La terapia como encuentro (concepción humana)

La Psicoterapia se trata finalmente de un encuentro entre personas, tan trasnparente y honesto como sea posible. Esto se traduce a un trato humano, concibiendo a las personas como esencialmente positivas, dignas en sí mismas y merecedoras de amor.

Libre de juicios

El espacio psicológico (ya sea en una consulta, en la casa del paciente o a través de videollamada), se trata de un espacio de confianza, donde el paciente tiene que sentirse que no lo juzgan en ningún momento. Es un espacio donde existe el respeto y aceptaicón de todo tipo de ideas y formas de actuar y de sentir.

Empatía

Se trata de la noción más básica de todo terapeuta. La terapia tiene que ser un espacio donde te sientes entendido y aceptado.

En palabras de Rogers:

“Empatía es percibir el marco teórico de referencia interno del otro con precisión y con los componentes emocionales y significados que le pertenecen, como si uno fuese la otra persona”.

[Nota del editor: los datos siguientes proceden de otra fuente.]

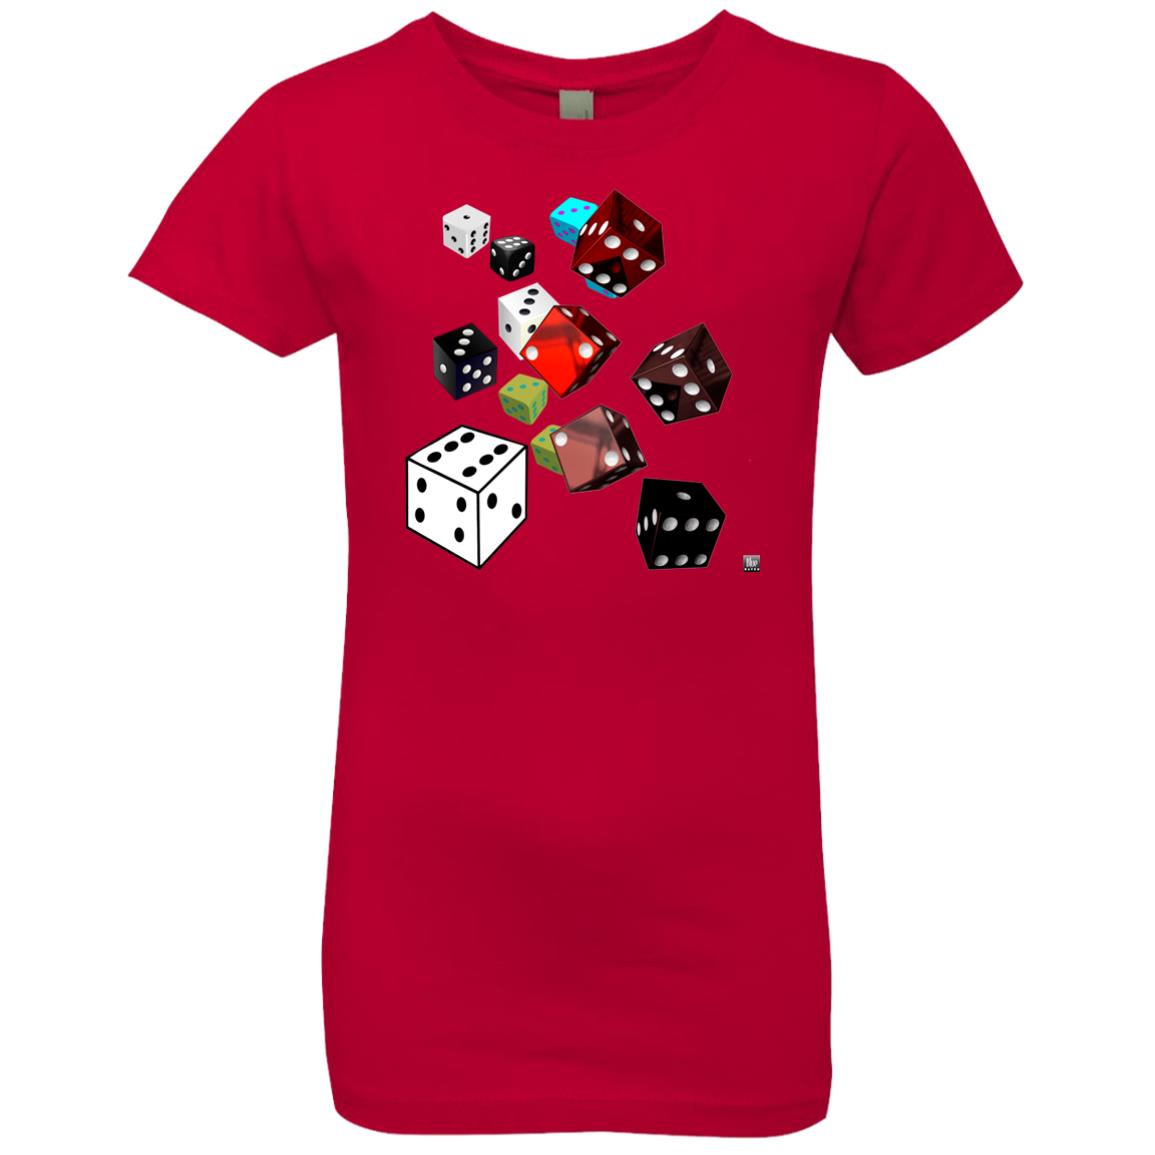 roll of the dice - Girl's Premium Cotton T-Shirt

La confianza en la capacidad de autonomía del paciente

Esto significa que la visión del terapeuta sobre el paciente se aleja mucho de percibirlo como una persona “enferma” e inválida. Se acerca más bien, a concebir al paciente como una persona desajustada en distintos niveles (conductas, cogniciones, emociones…), pero que, con las condiciones que vive dentro de la terapia (un sitio de confianza, aceptación incondicional, libre de juicios, empatía…), es capaz de realizar los reajustes necesarios para redireccionar su vida y transformarla en una vida plena y esencialmente positiva.

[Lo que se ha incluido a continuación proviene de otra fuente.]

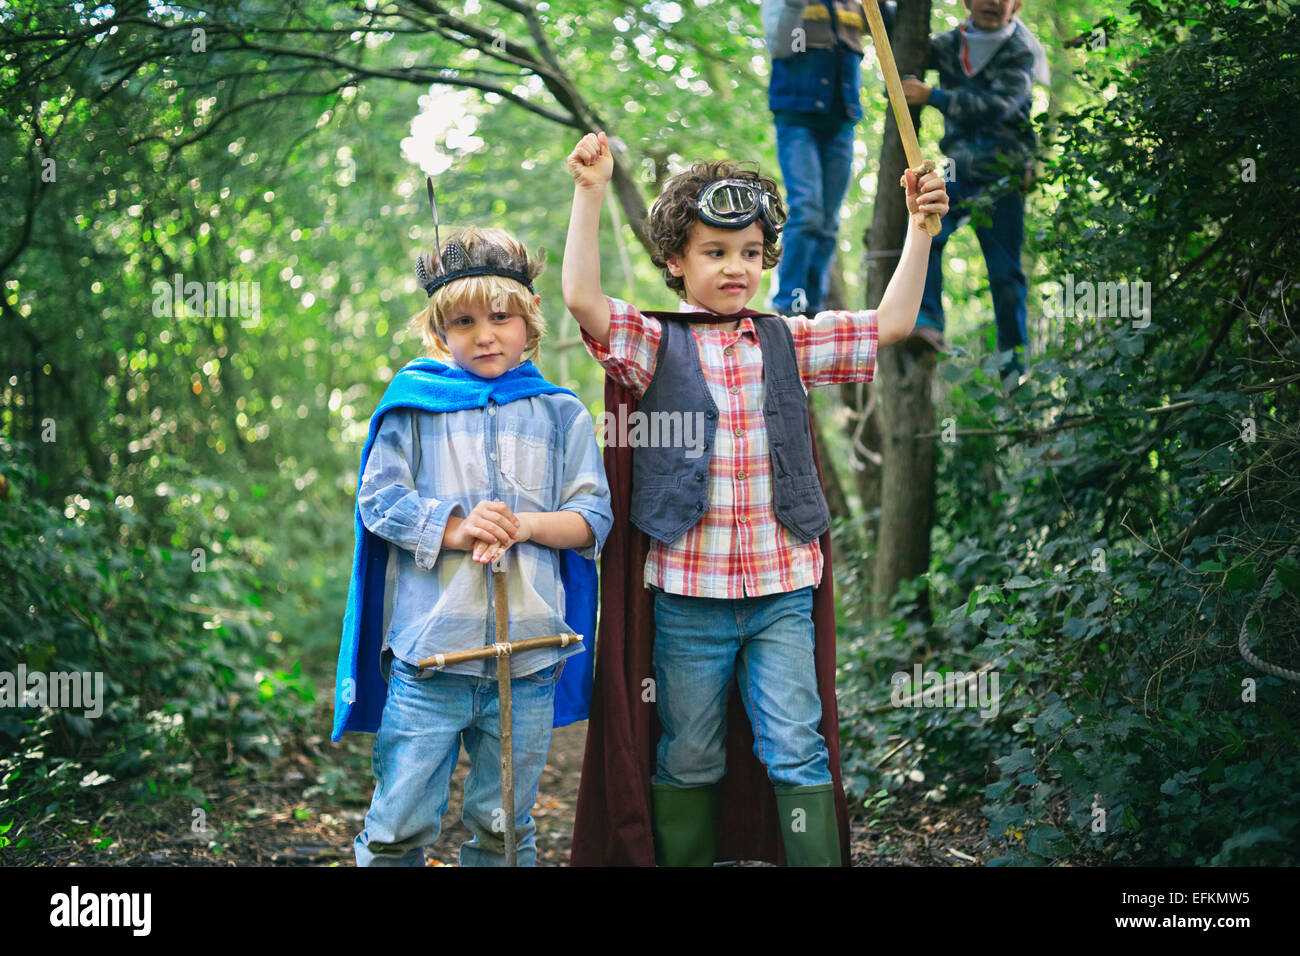 Two boys dressed up and playing in forest Stock Photo

Trabajar hacia la autonomía del paciente

El objetivo final de toda terapia tiene que ser que el paciente consiga la autonomía necesaria para poder ser funcional, pleno y esencialmente positivo. Es por eso que las terapias no tienen que extenderse más allá de este punto.

El trabajo "en positivo"

Toda terapia tiene que implicar un crecimiento personal por parte del paciente. Si no se consigue este crecimiento, significa que el terapeuta ha asumido toda responsabilidad de la vida del paciente, y este último no es capaz de desarrollar su autonomía. Esto también significa que la terapia va más allá de “curar” y quitar síntomas. La terapia tiene que implicar un aporte intrínsecamente positivo en la vida del paciente.

Cuando una persona se encuentra herida, confusa, preocupada, ansiosa, alienada, aterrorizada, o cuando se encuentra dudando de sí mismo o de su propia valía, sin tener clara su propia identidad, es entonces cuando la comprensión es necesaria. El acompañamiento amable y sensible de una postura empática… proporicona iluminación y sanación.

En estas situaciones, pienso que, una comprensión profunda es el regalo más grande que uno puede dar al otro”.